The district has 273 portables to address overcapacity. In May 2016, the provincial government announced contributing $100 million to fund six projects to add 2,700 new student spaces by the end of 2020. September 2019 The District Now Has 361 Portable Classrooms.

In the news
The Surrey School District was reported in the national news numerous times during the 1990s and 2000s, most notably for its stand on social issues.

Overcrowding

The Surrey School District has 361 portable classrooms for the 2019/2020 school year, 28 more than for the previous year. The district projects about 1100 students per year. Approximately 9000 students are in portables as of 2019/20.

Book banning
The District School Board was the focus of major media attention from 1997 to 2002 over its stand on not allowing books about families with same-sex parents  to be included as optional learning resources. These books were requested by James Chamberlain, a kindergarten teacher, to reflect on the realities of today's families and to teach his pupils about diversity and tolerance.

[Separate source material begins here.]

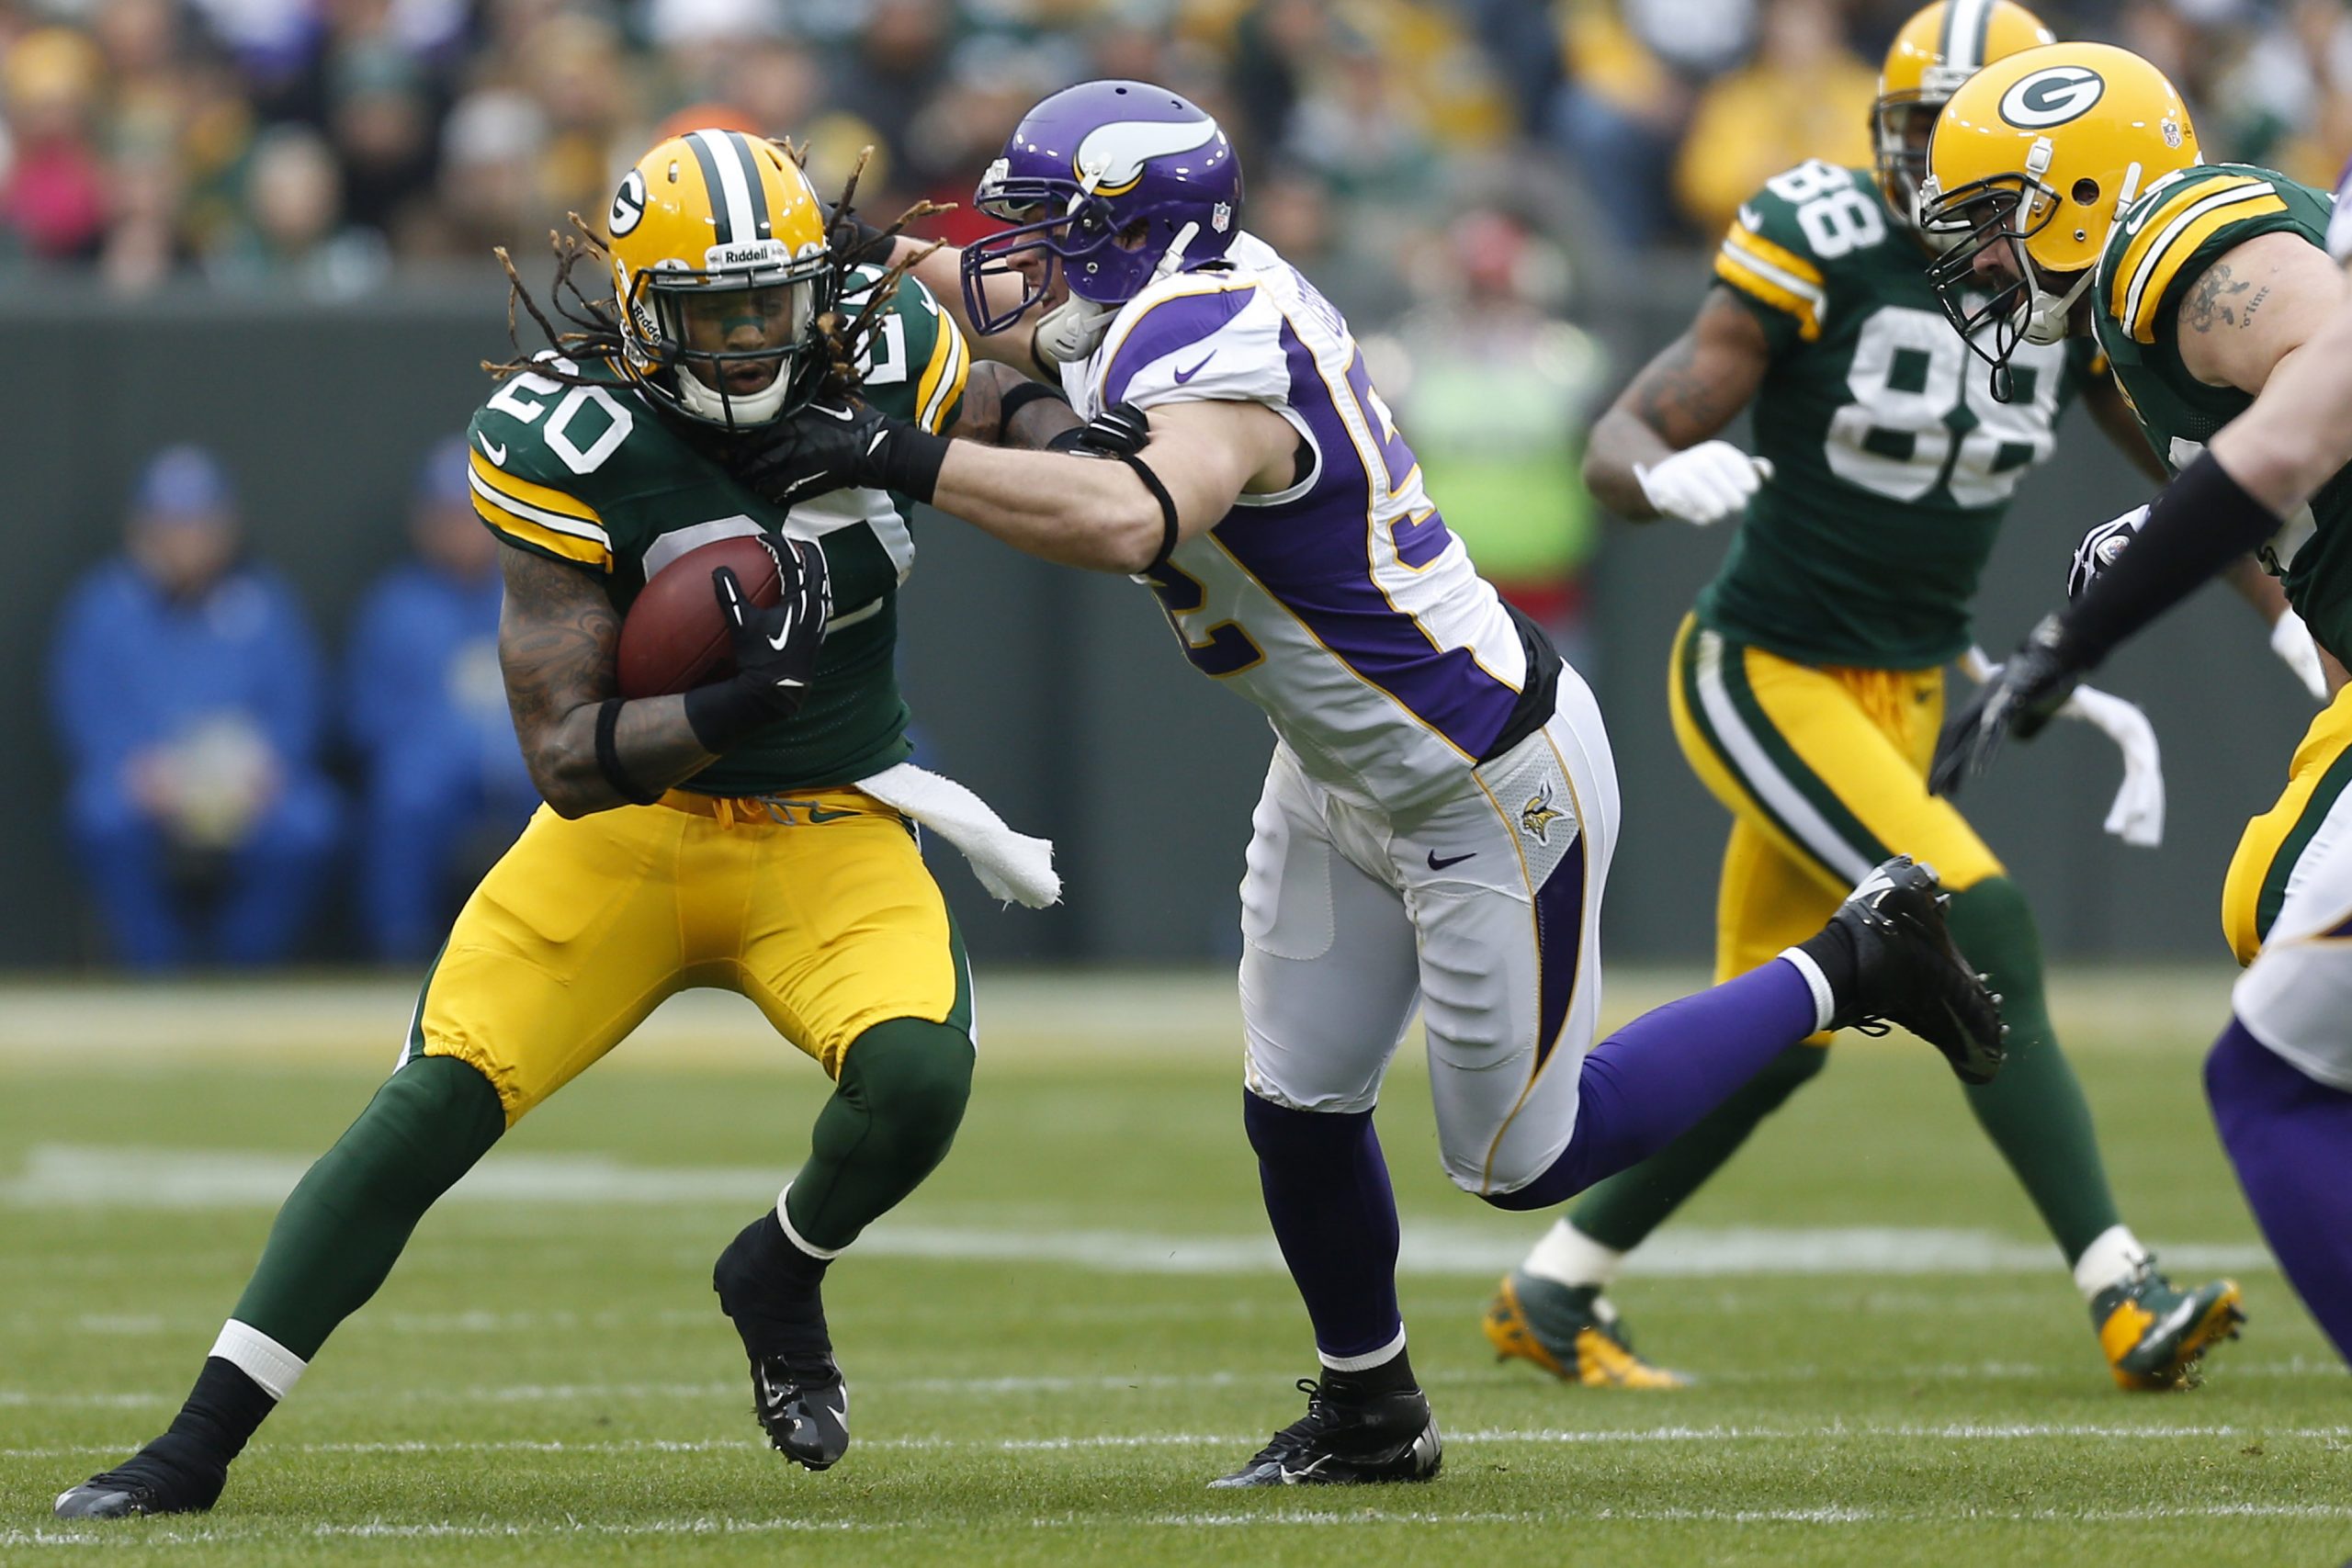 Alex Green of the Green Bay Packers runs the ball against the Minnesota Vikings.
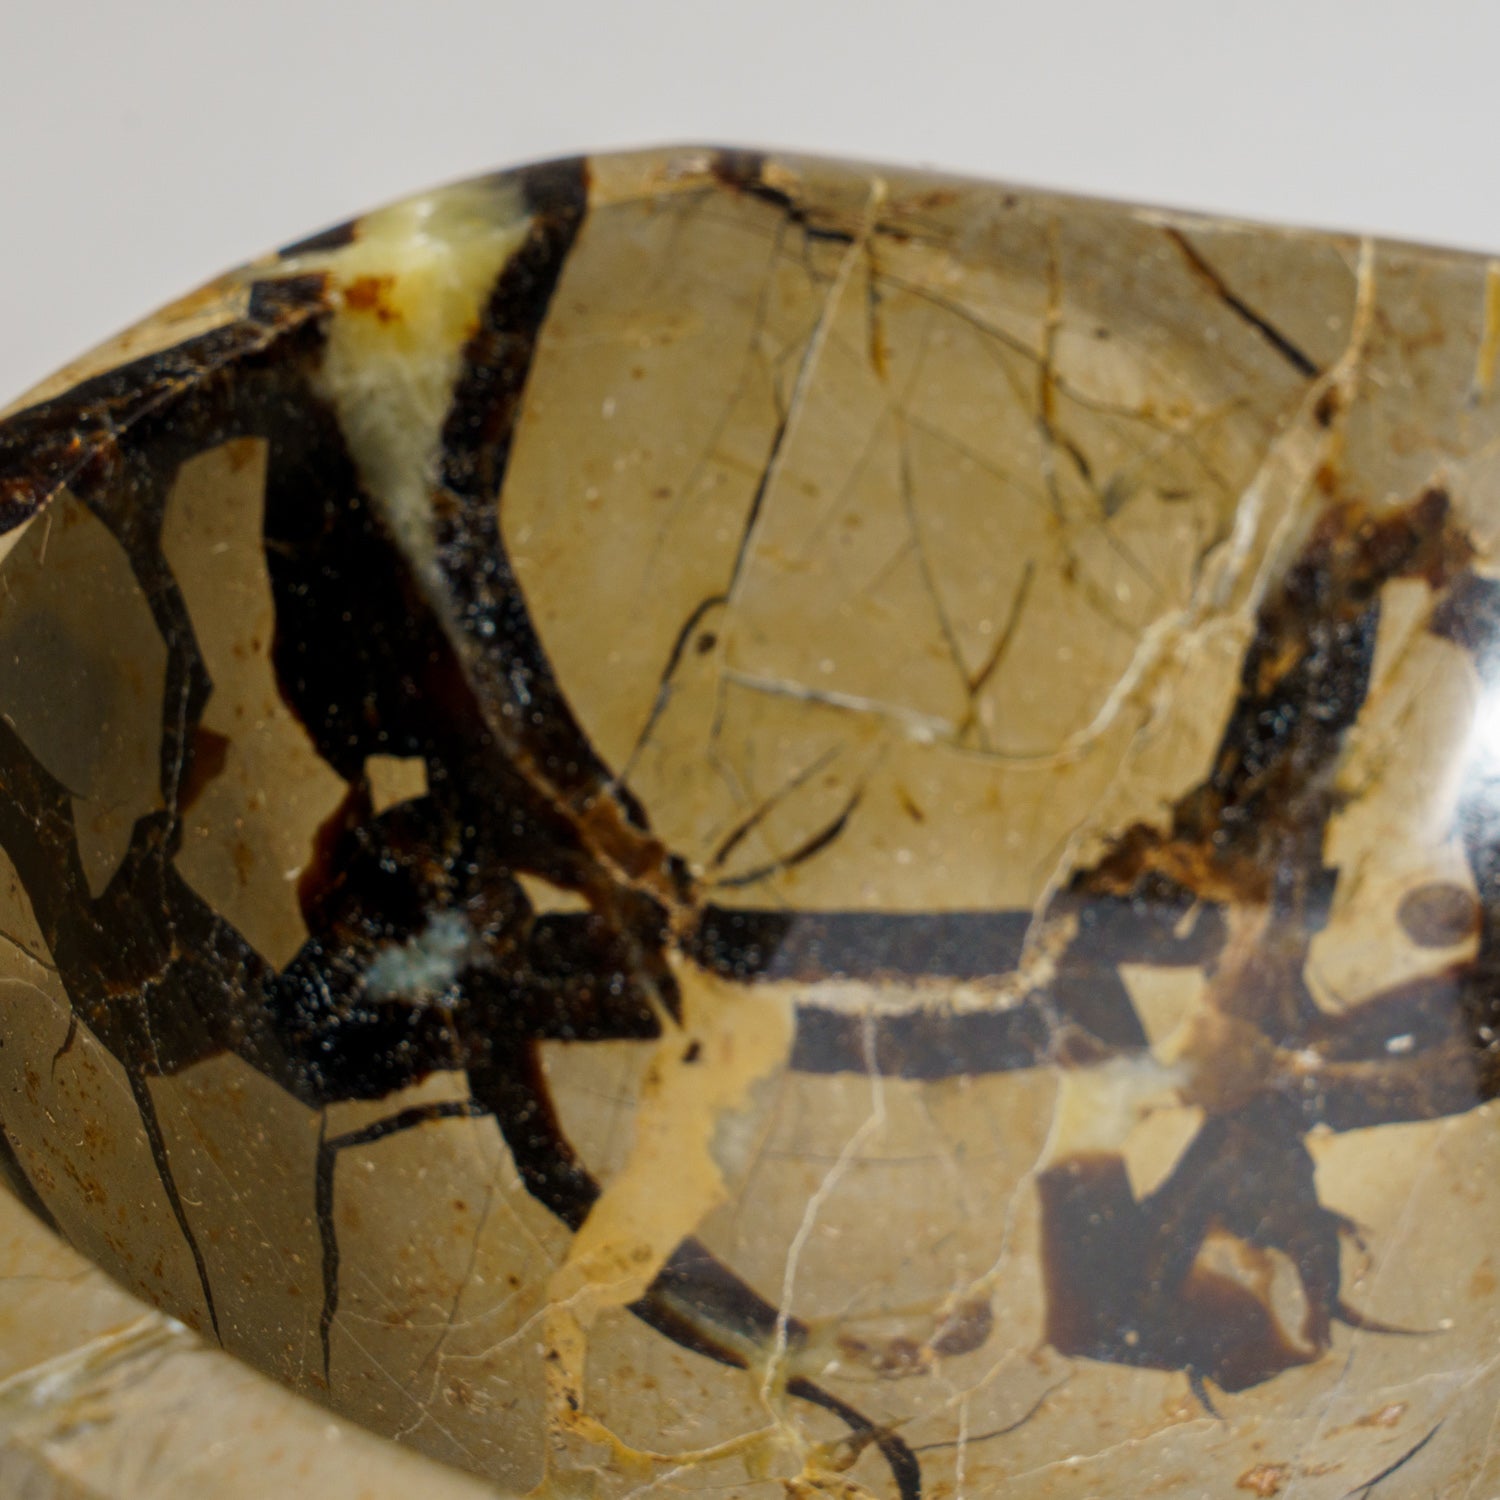 Genuine Polished Septarian Bowl from Madagascar (3.5 lbs)

A legal battle to overturn the decision to ban the three books went all the way to the Supreme Court of Canada, where the school board's decision was overturned. The judgment, Chamberlain v. Surrey School District No. 36, cited the need for families headed by same-sex couples to be respected. Chief Justice Beverley McLachlin dismissed the Board's concerns that children would be confused or misled by classroom information about same-sex parents. She pointed out that the children of same-sex parents are rubbing shoulders with children from more traditional families, and wrote: "Tolerance is always age-appropriate, children cannot learn unless they are exposed to views that differ from those they are taught at home." The legal fees ended up costing Surrey taxpayers over $1,200,000.

Drama production
In 2005, the Surrey School District made national news for cancelling production of The Laramie Project, a play that deals with the murder of a gay university student, in Elgin Park Secondary.  Advocates for the play noted that it is designed to teach tolerance toward LGBT people. The school district's administration said that the play contains sex, violence and foul language and is not appropriate as family entertainment.  The decision met with outrage from LGBT advocacy organization Egale Canada.  A school in neighbouring Vancouver, Lord Byng Secondary School, subsequently chose to stage the play.

Climate change
In May 2007, the Surrey School Board made national news when it voted to instruct teachers not to show Al Gore's Academy Award-winning documentary on climate change, An Inconvenient Truth, until trustees were able to review the film.  On the issue of climate change, Board Trustee and social activist Heather Stilwell stated: "I am not sure. I mean I see evidence. I think there is climate change, there's no question about that. Whether what Al Gore says about it is the truth, I have questions."

Bible study
In early November 2009, a Cloverdale father, Paul Jubenvill, requested an extra-curricular, non-instructional, voluntarily-attended Bible club be established during lunch-hour at his sons' school, Colebrook Elementary. The school would not permit the club on their property, and the Surrey School District supported the school's position. The father argued that this ban violated the provincial BC Human Rights Code by disallowing a normally available service on the grounds of discrimination against religion. The school district was concerned that permitting the club may have given the appearance of the school endorsing a particular religious ideology. Jubenvill argued that there is a difference between endorsing a faith versus "accommodating" spiritual needs.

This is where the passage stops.